The spot ran into resistances lined up just below 1.23 handle, and resumed its corrective slide amid broad based US dollar recovery, after the steep sell-off triggered by a less-hawkish Fed decision, which dashed hopes of acceleration in the pace of monetary policy tightening by the Fed.
Moreover, a solid rebound staged by treasury yields curbs demand for the GBP as an alternative higher-yielding currency and hence, collaborates to the renewed downside in the major.
However, a risk-on rally in the European equities may help cushion the losses in GBP/USD, as all eyes remain focused on the upcoming BOE policy decision, with most analysts expecting the British central bank to maintain a status-quo today.
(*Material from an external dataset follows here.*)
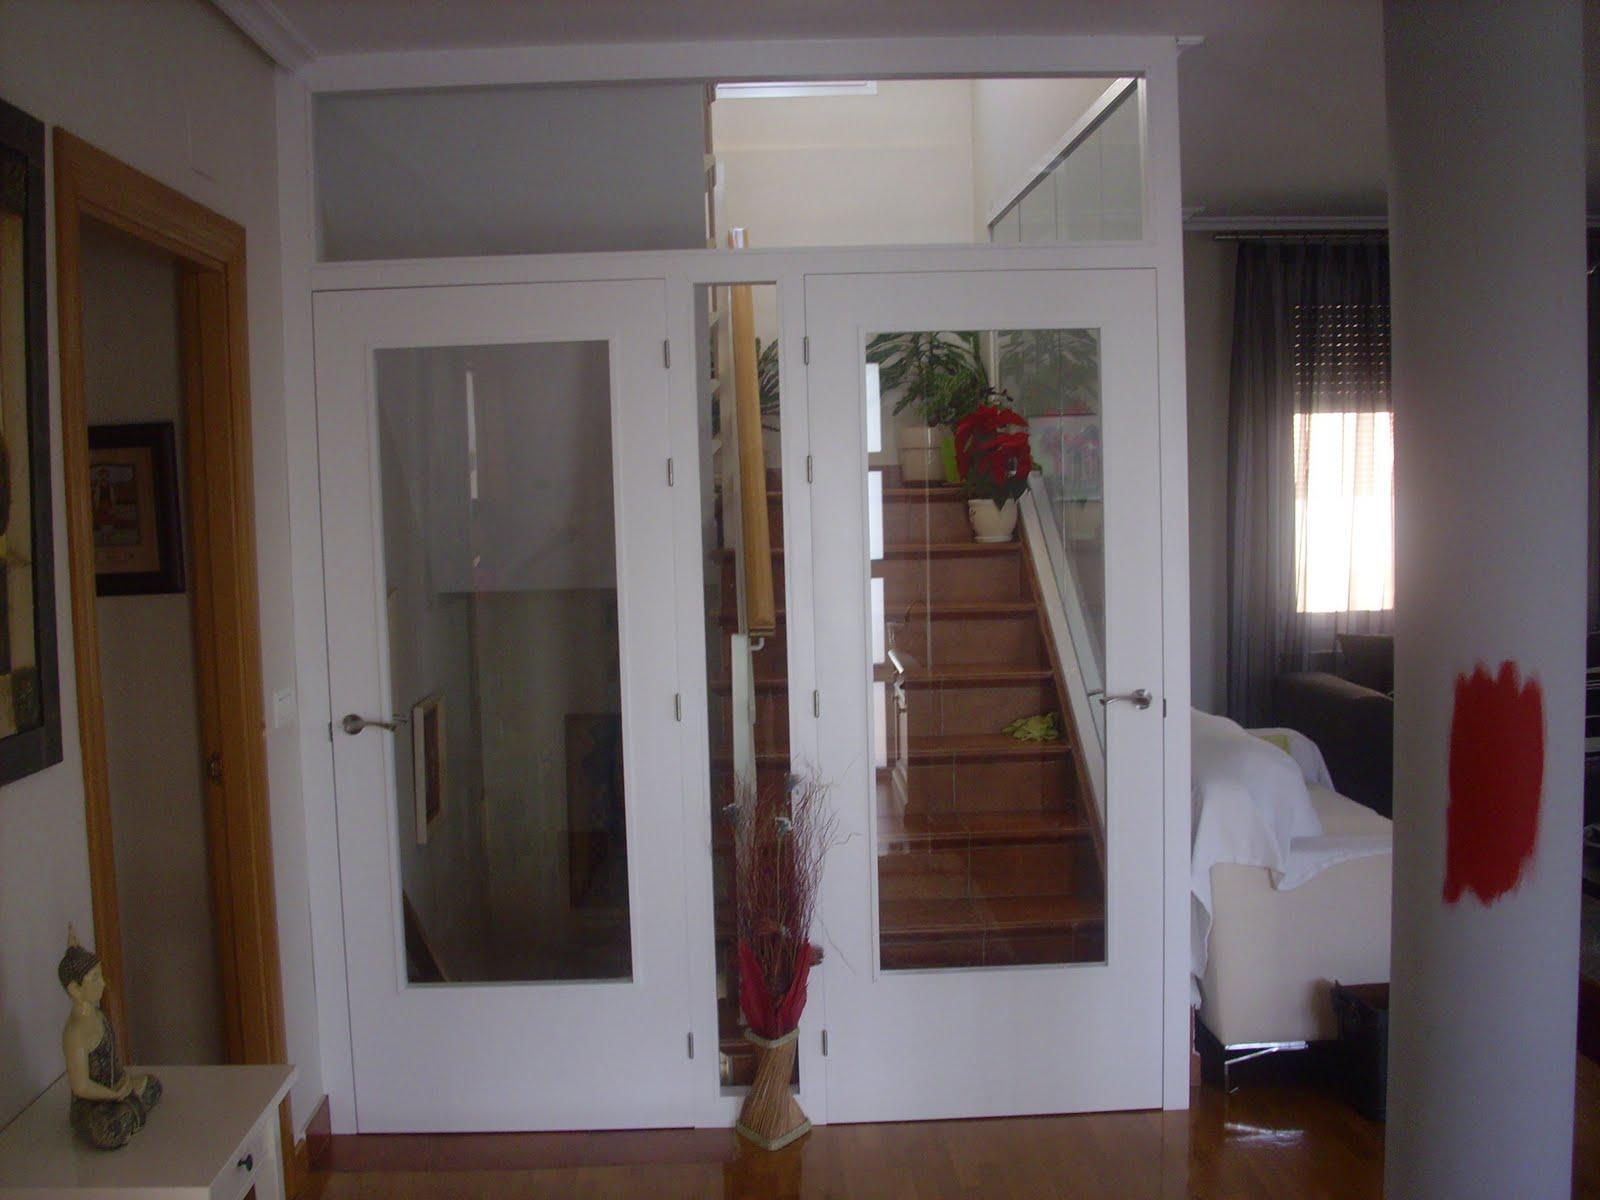 El carpintero cerramiento de huecos de escalera - Huecos de escalera ...
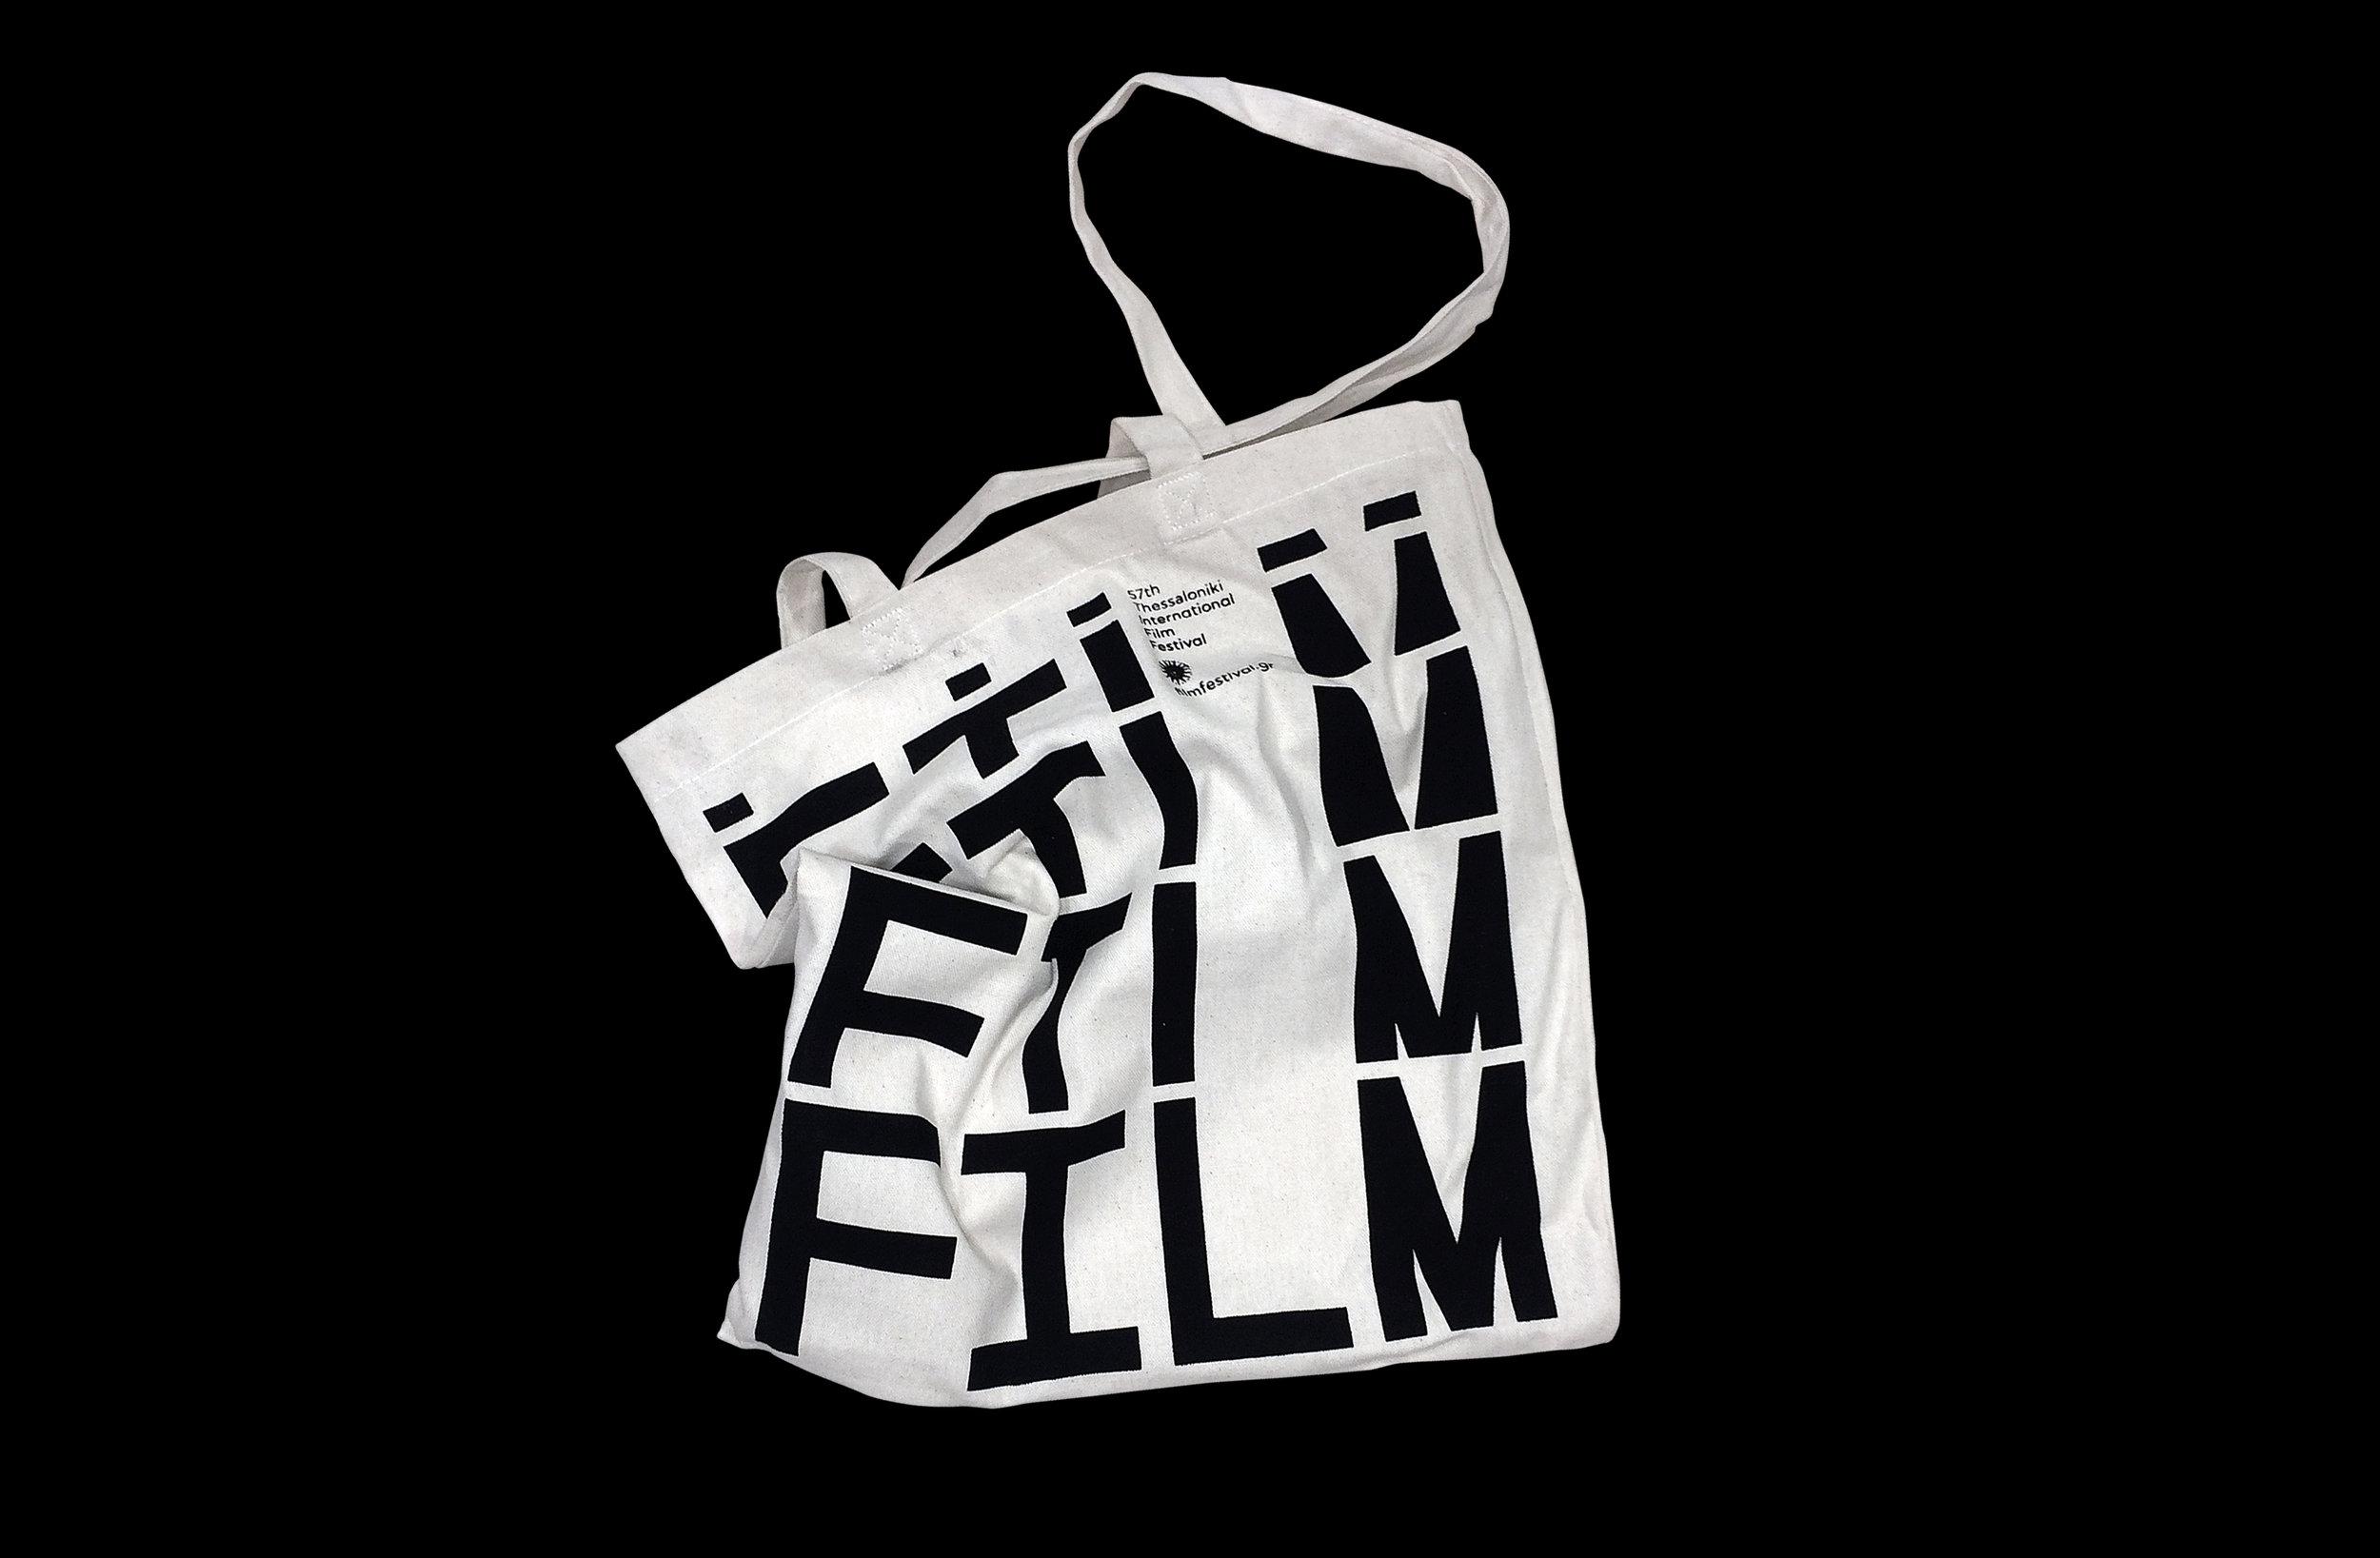 New_Studio_Tiff_Festival_Design_Film_19

GBP/USD Levels to consider
Karen Jones, Analyst at Commerzbank notes, “GBP/USD near term outlook is neutralizing: Sterling failed to close below the 78.6% retracement at 1.2142, for 6 days and has reversed near term. It has based near term and is likely to re test the 55 and 100 day ma at 1.2374/1.2407. Above here initial resistance is 1.2583 (9th Feb high). However only above 1.2658 channel would allow for further strength to the 1.2776 December high. Between here and 1.2836 lies several Fibonacci retracements and major resistance and we suspect that it will fail here.”